### Data section
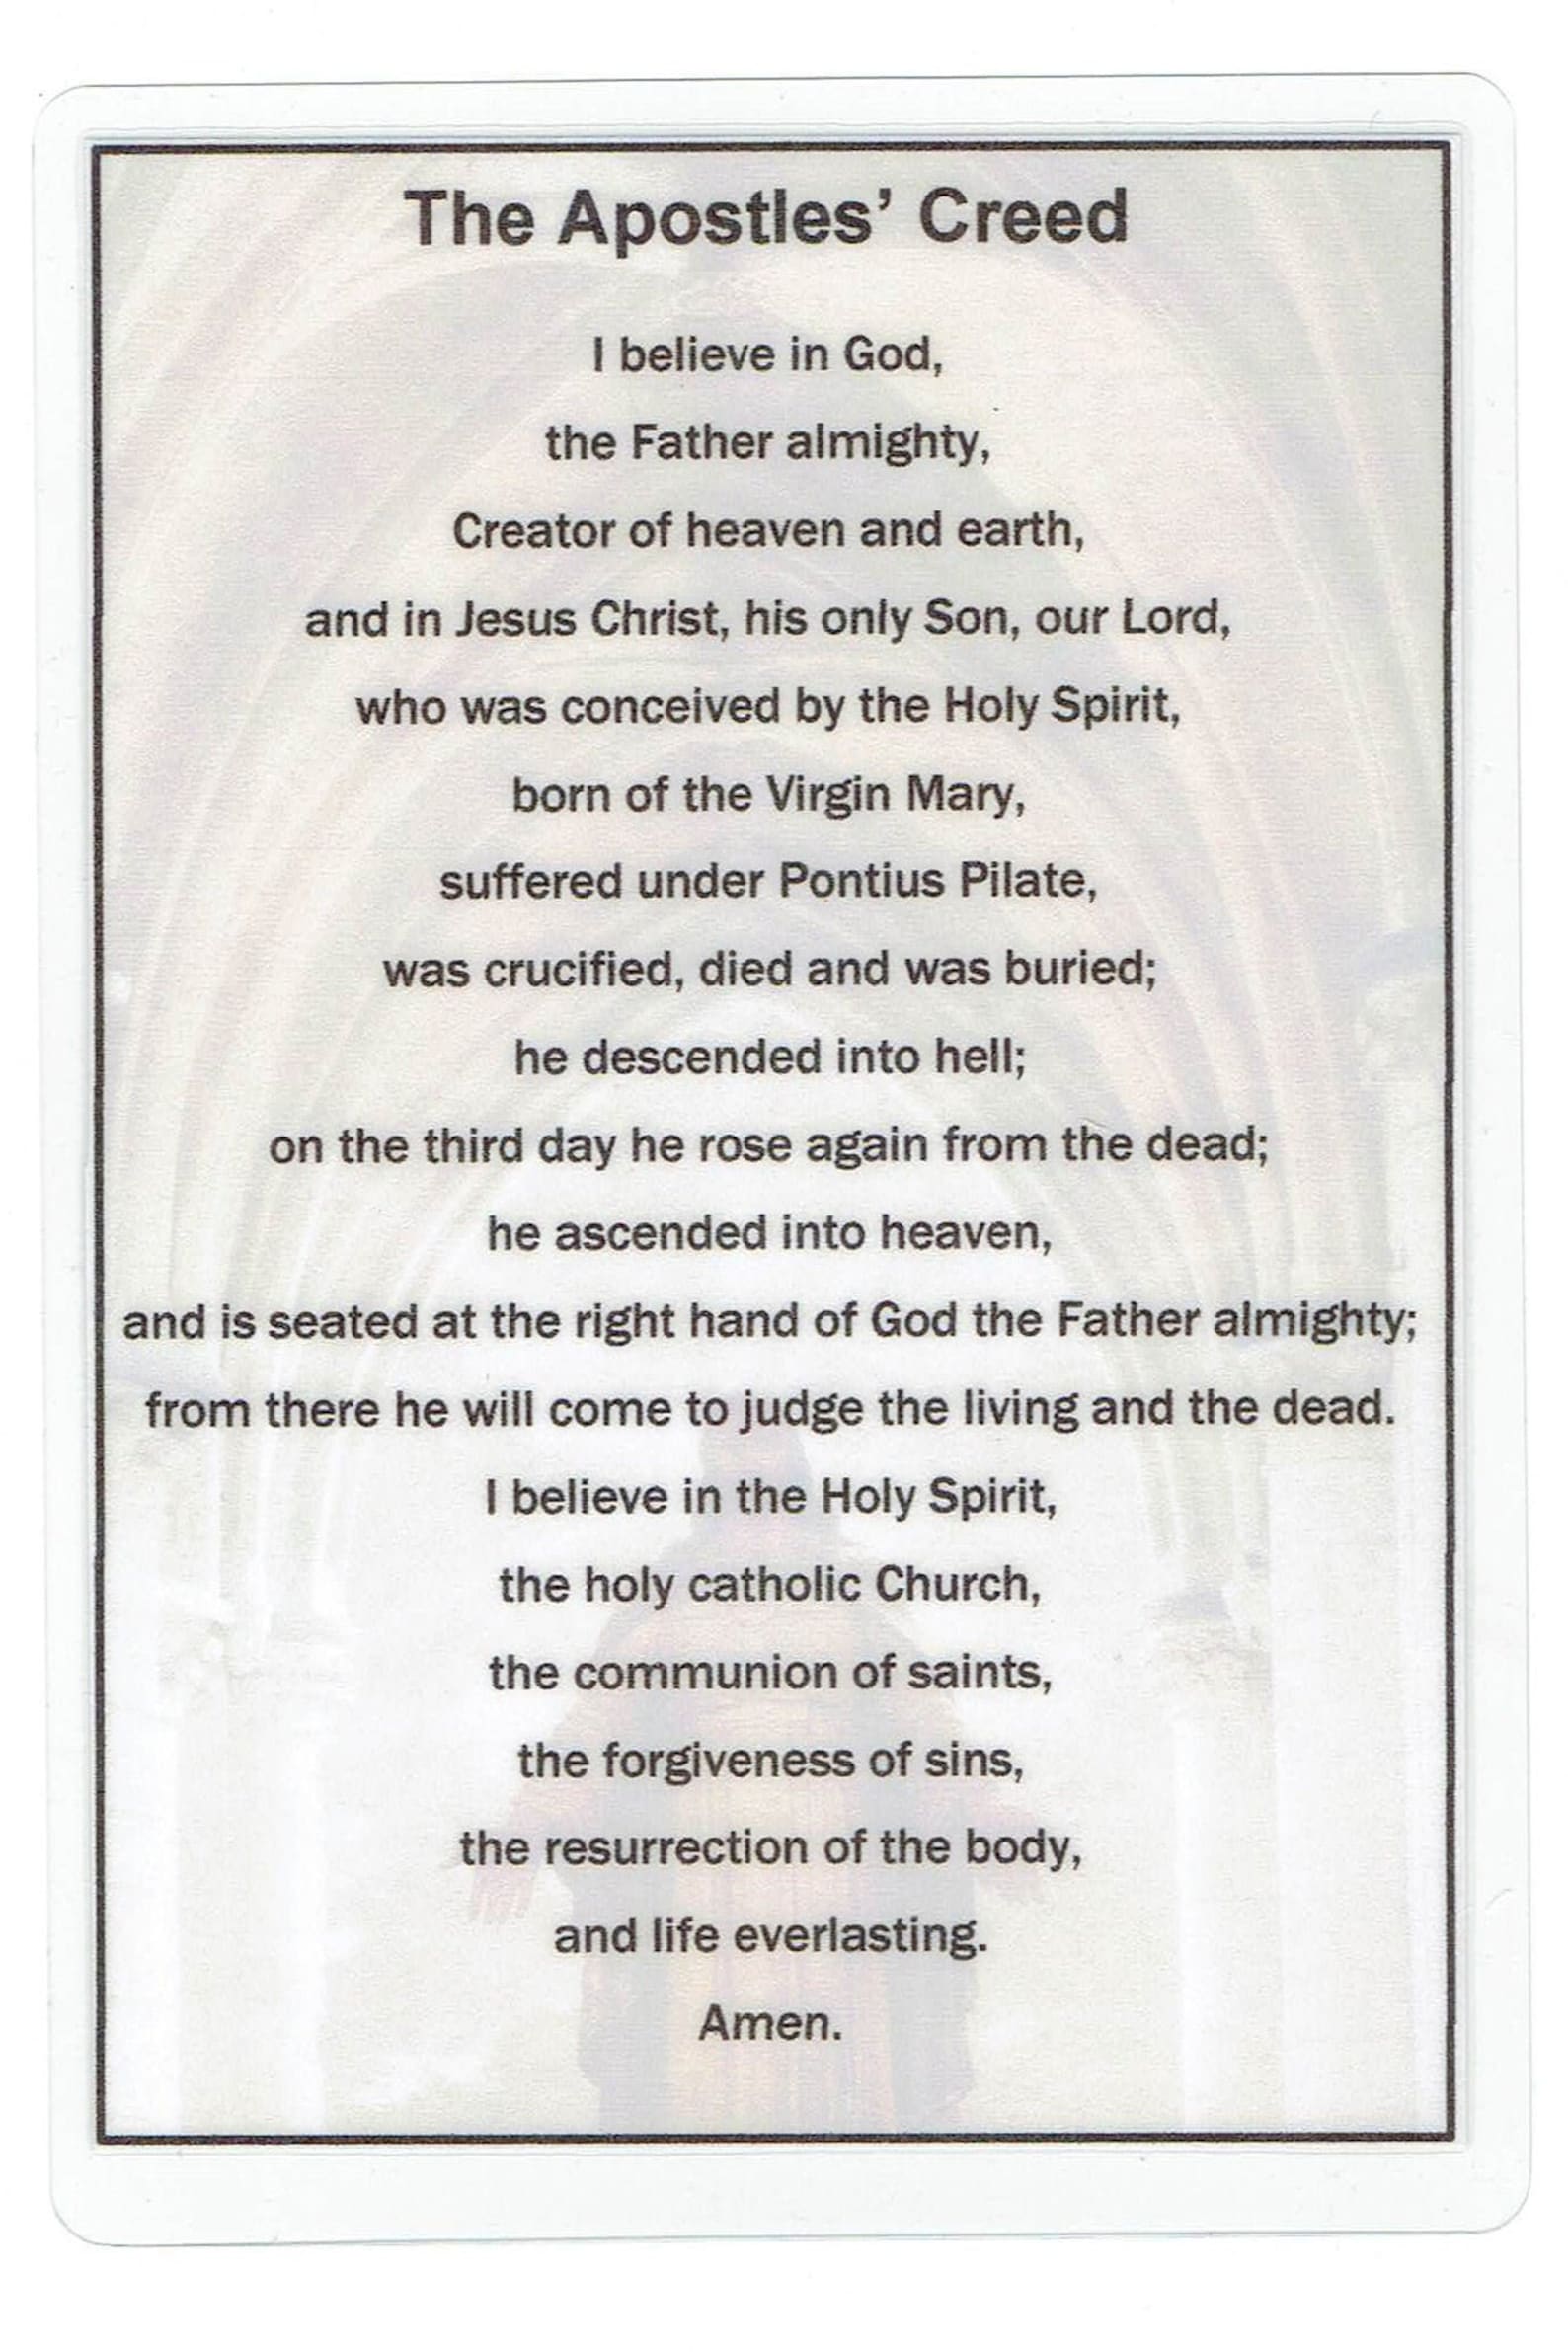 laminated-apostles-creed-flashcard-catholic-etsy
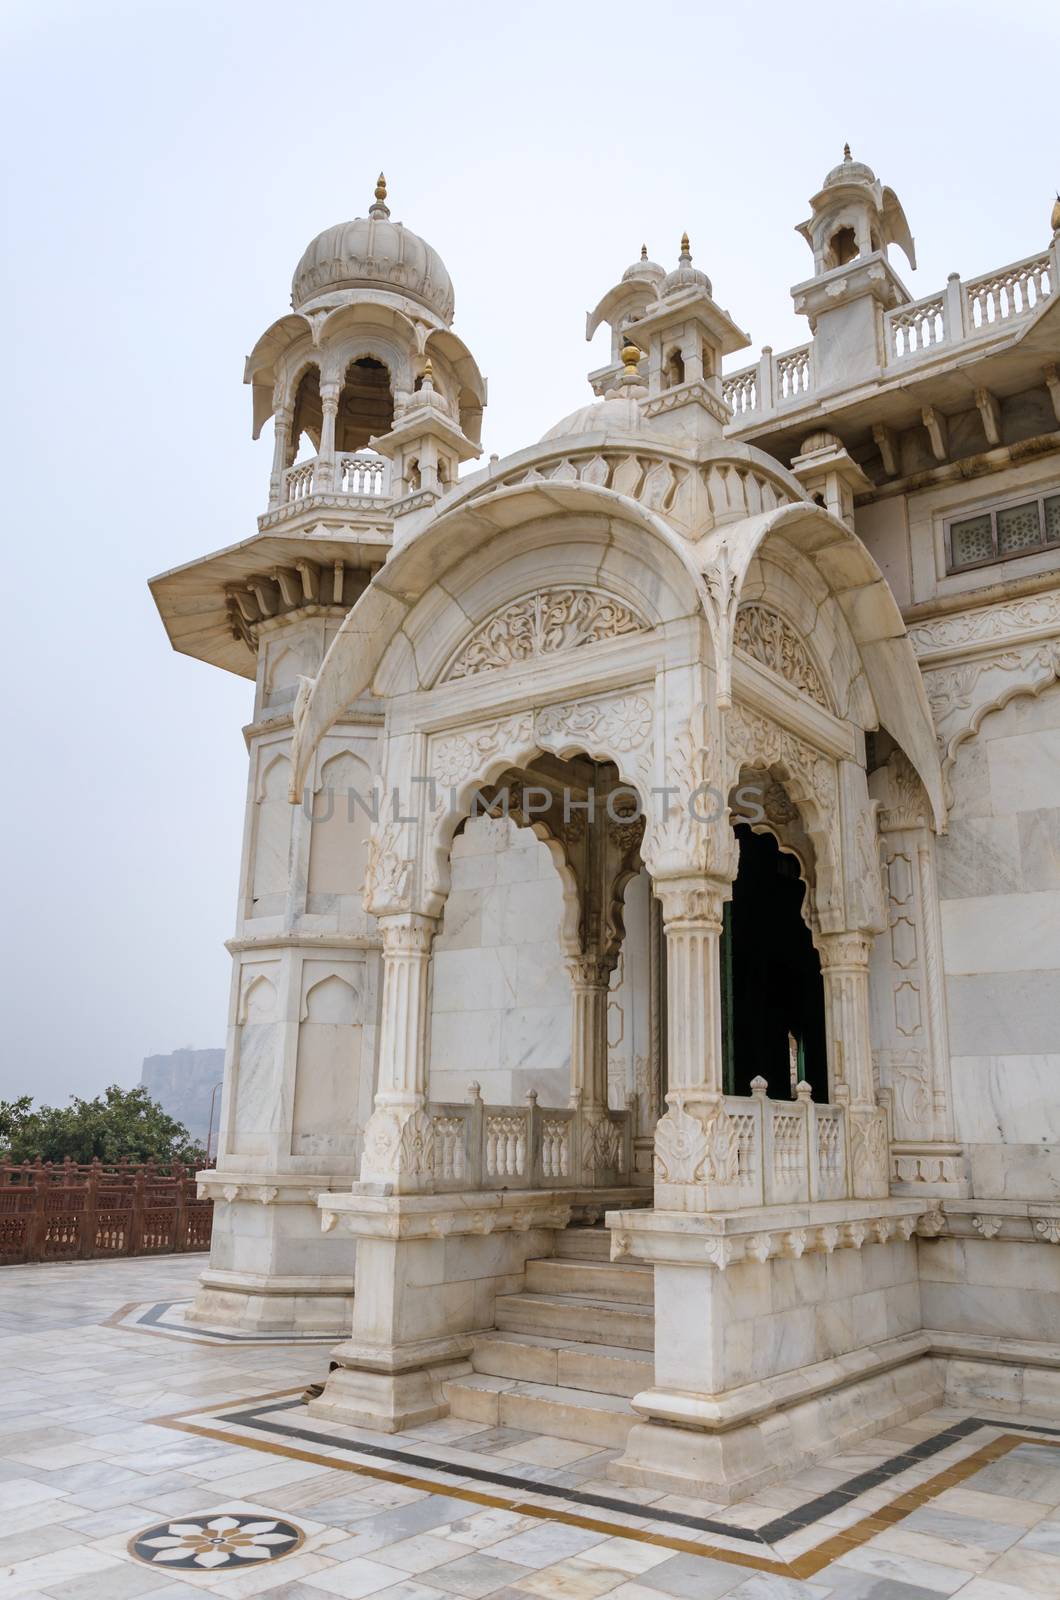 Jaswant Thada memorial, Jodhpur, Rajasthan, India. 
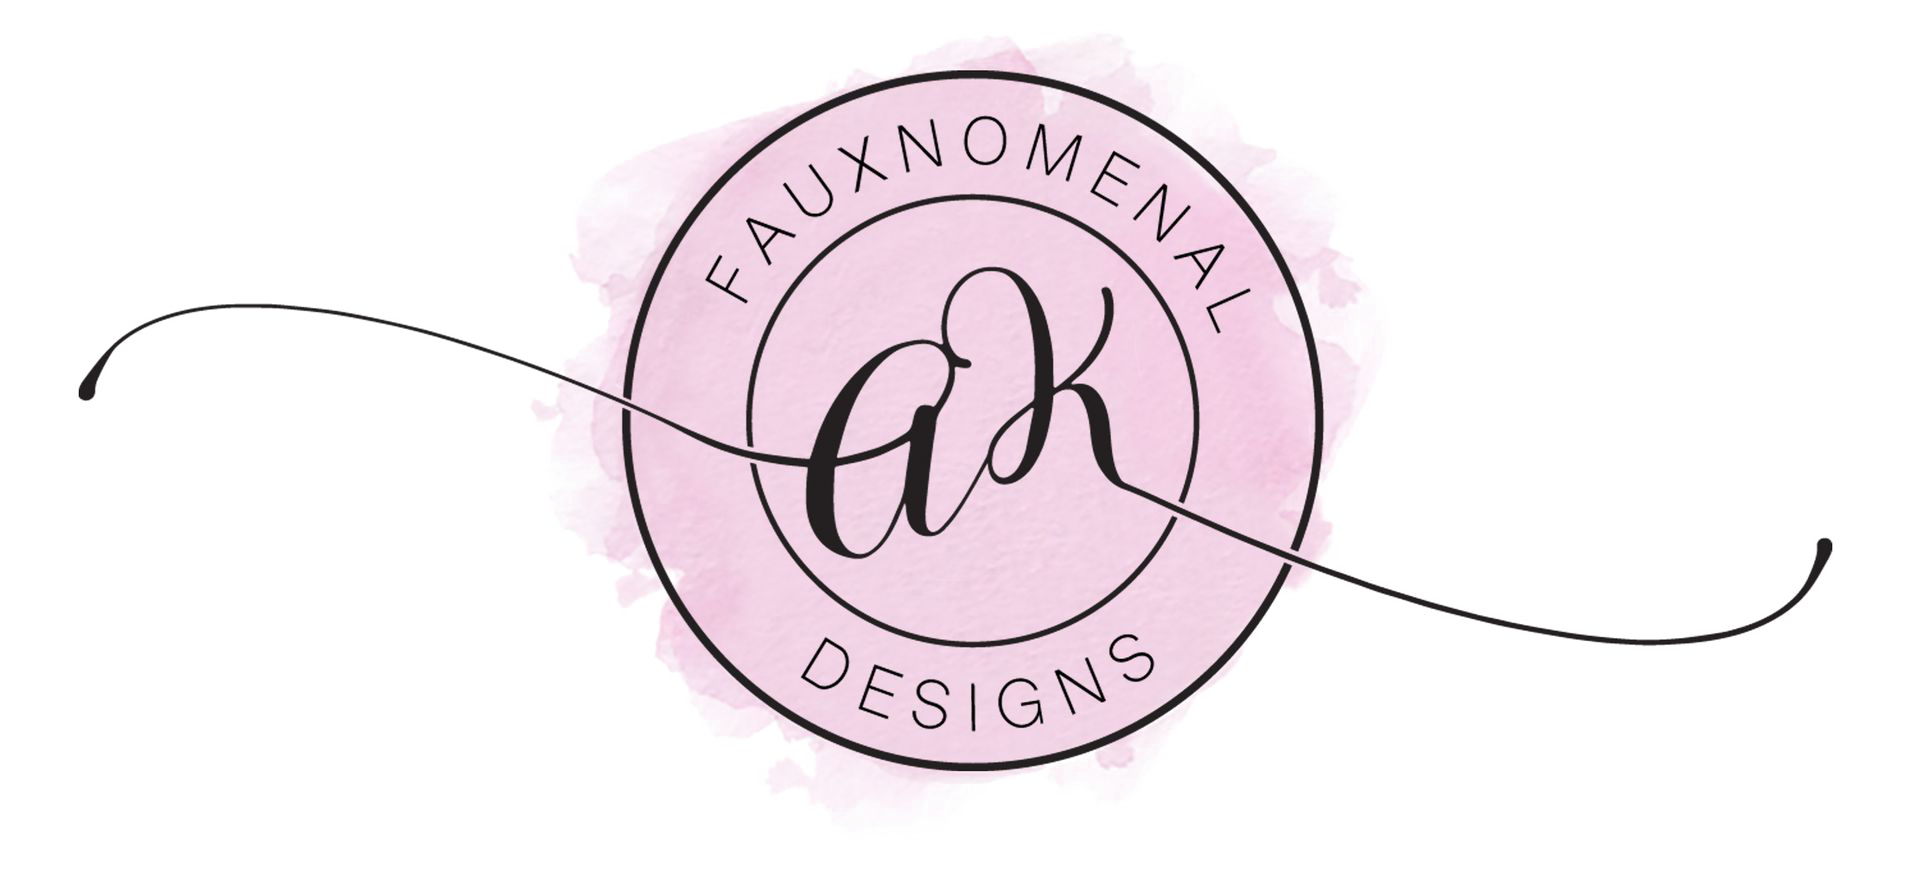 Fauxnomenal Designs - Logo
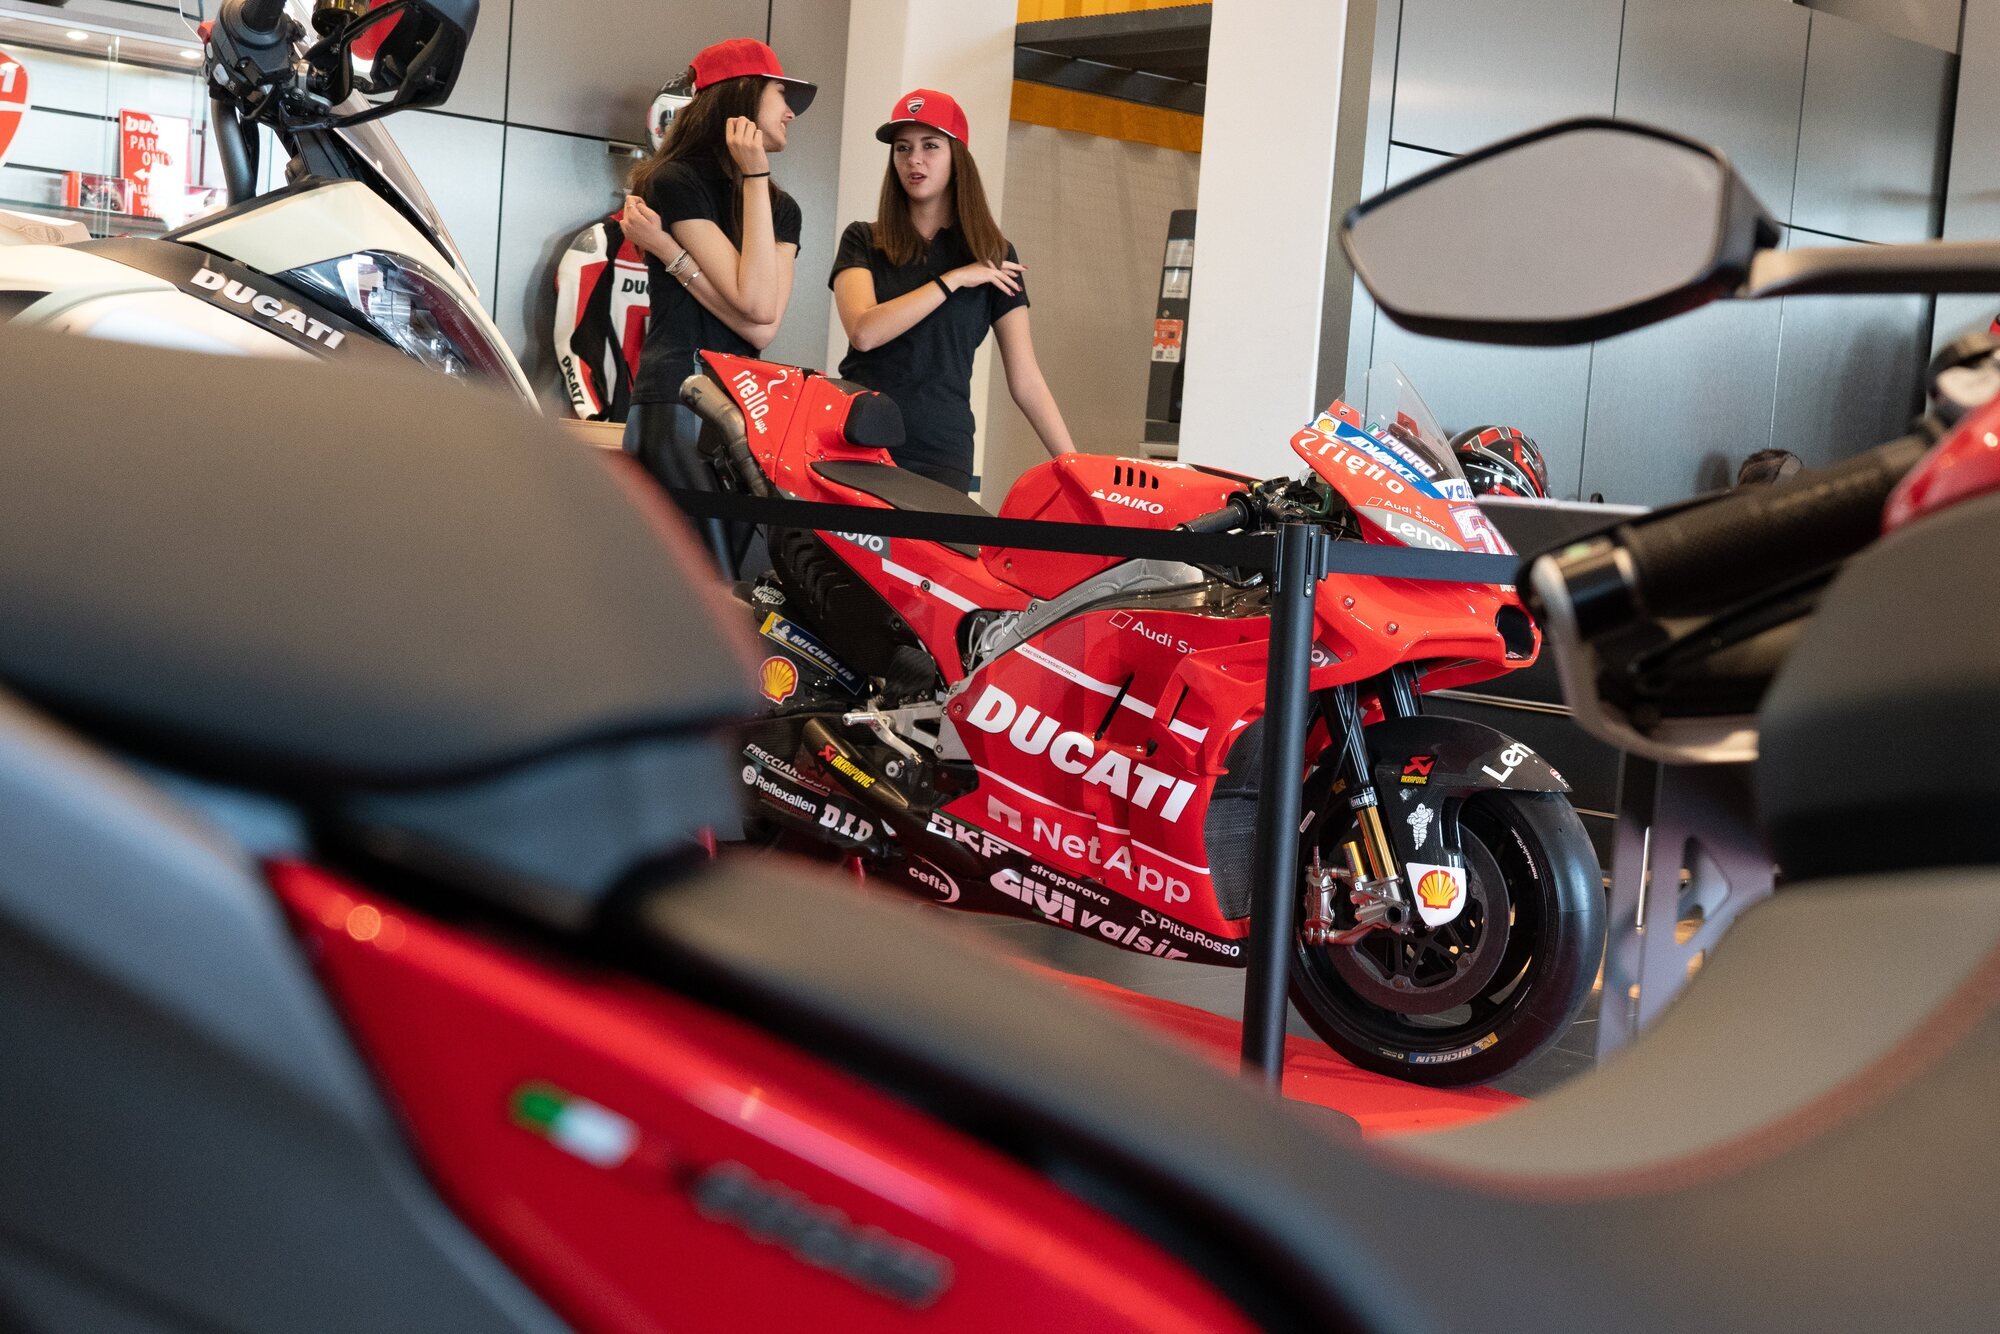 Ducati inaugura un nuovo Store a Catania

### Task prompt
Nothing but the lines from the line with "Fauxnomenal Designs - Logo" through the last line of the listing above should be repeated, and pictures should be left out.

### Exercise output
 Fauxnomenal Designs - Logo
 Ducati inaugura un nuovo Store a Catania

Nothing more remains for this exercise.